Located on the corner of East Main and College Street, this building has appeared in past segments.
Currently not active for any public use, it’s the towering black building with only a few visible hints
that it was once a bank. In the story we told about Durbin’s department store, we mentioned it filled
this building in between the original opera house and Bowling Green Bank and Trust. The building
suffered a fire in 1899 and a portion had to be rebuilt. Some even said the building was haunted
by an old opera house ghost.

The Bowling Green Bank and Trust company was incorporated in 1911, took over the building in
1927, and according to a Bowling Green Daily News article from September 1964, the bank
spent about 15 years working on renovation plans. The remodel design was from a Louisville
firm, and the construction would cost around $150 thousand dollars – that’s the equivalent to
almost $1.4 million dollars in today’s money.

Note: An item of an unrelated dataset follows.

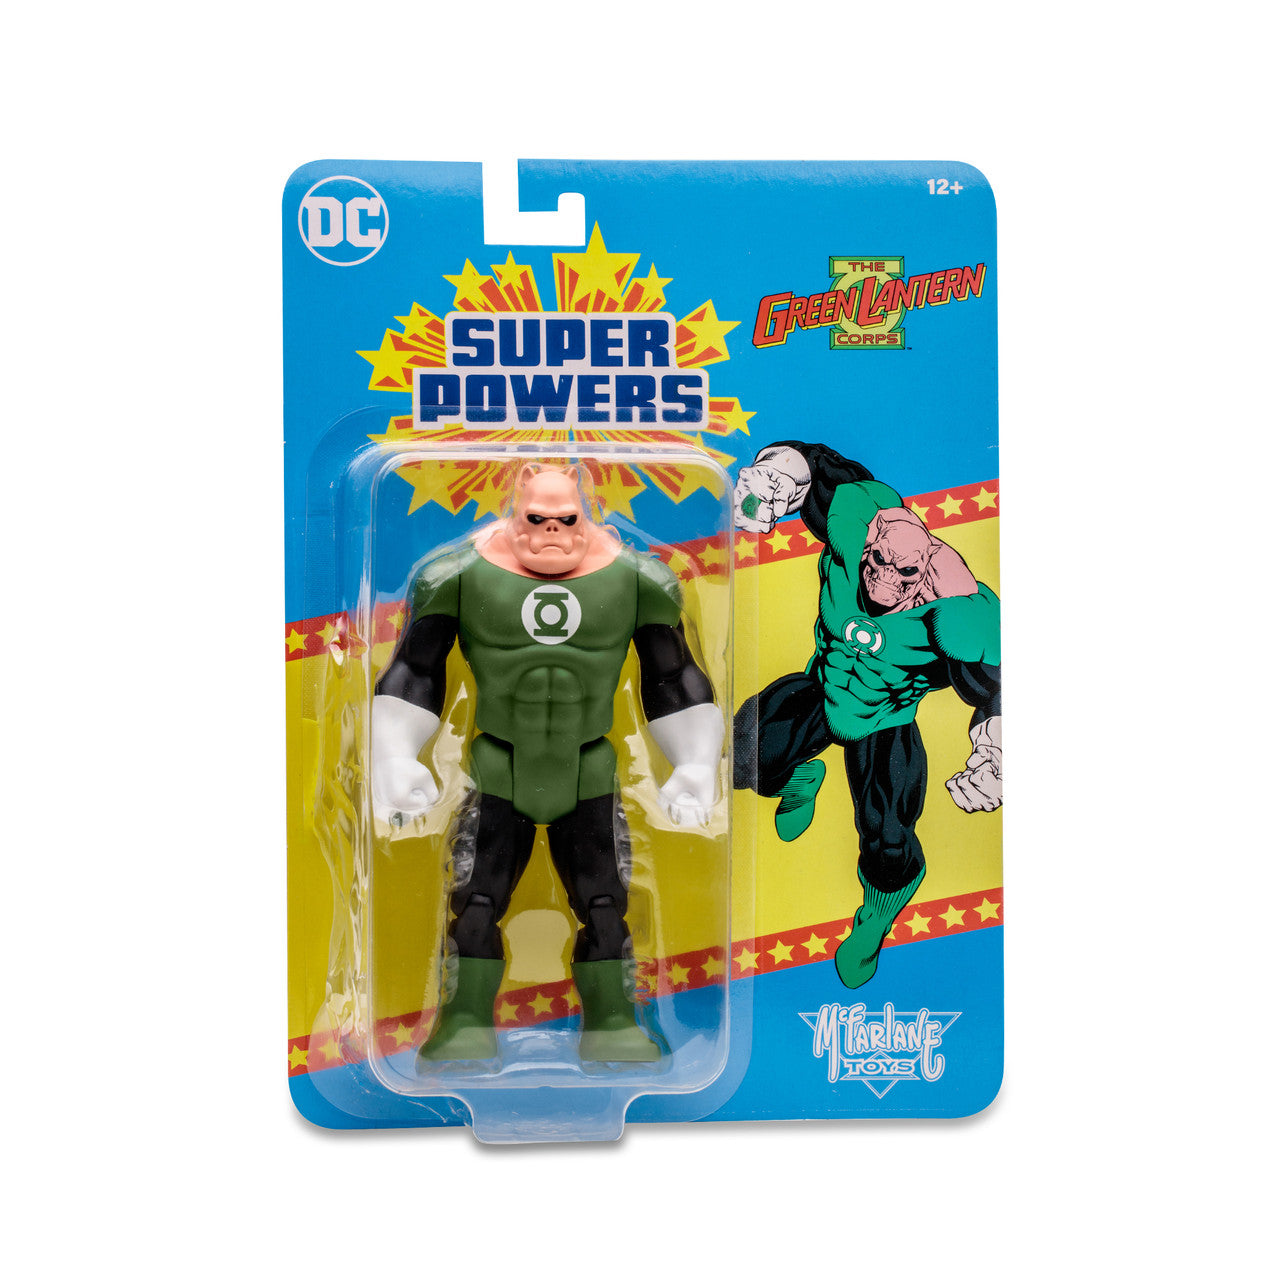 DC Super Powers wave 7 - Kilowog 4.5" Action Figure Toy

The building’s new facade would be black and gold granite. A huge granite panel would be
attached to the side of the building and reach all the way to the top. A white and gold composite
material would also cover the facade. Its three floors would all be used by the bank, with the
second floor for book keeping and conference rooms, and the third floor as lounge and storage
space.

At that time in 1964, the C.D.S. drugstore #2 occupied the first floor corner.  An afterhours
depository on the College Street side of the building is still there today, as well as the bugler alarm
mounted on the Main Street exterior wall , the last remaining signs of the Bowling Green Bank and
Trust.

Right now, the building is privately owned and a peek in its first floor windows indicates a
somewhat melancholy use for antique storage. Let’s hope one day that building again becomes
an active space in our bustling downtown.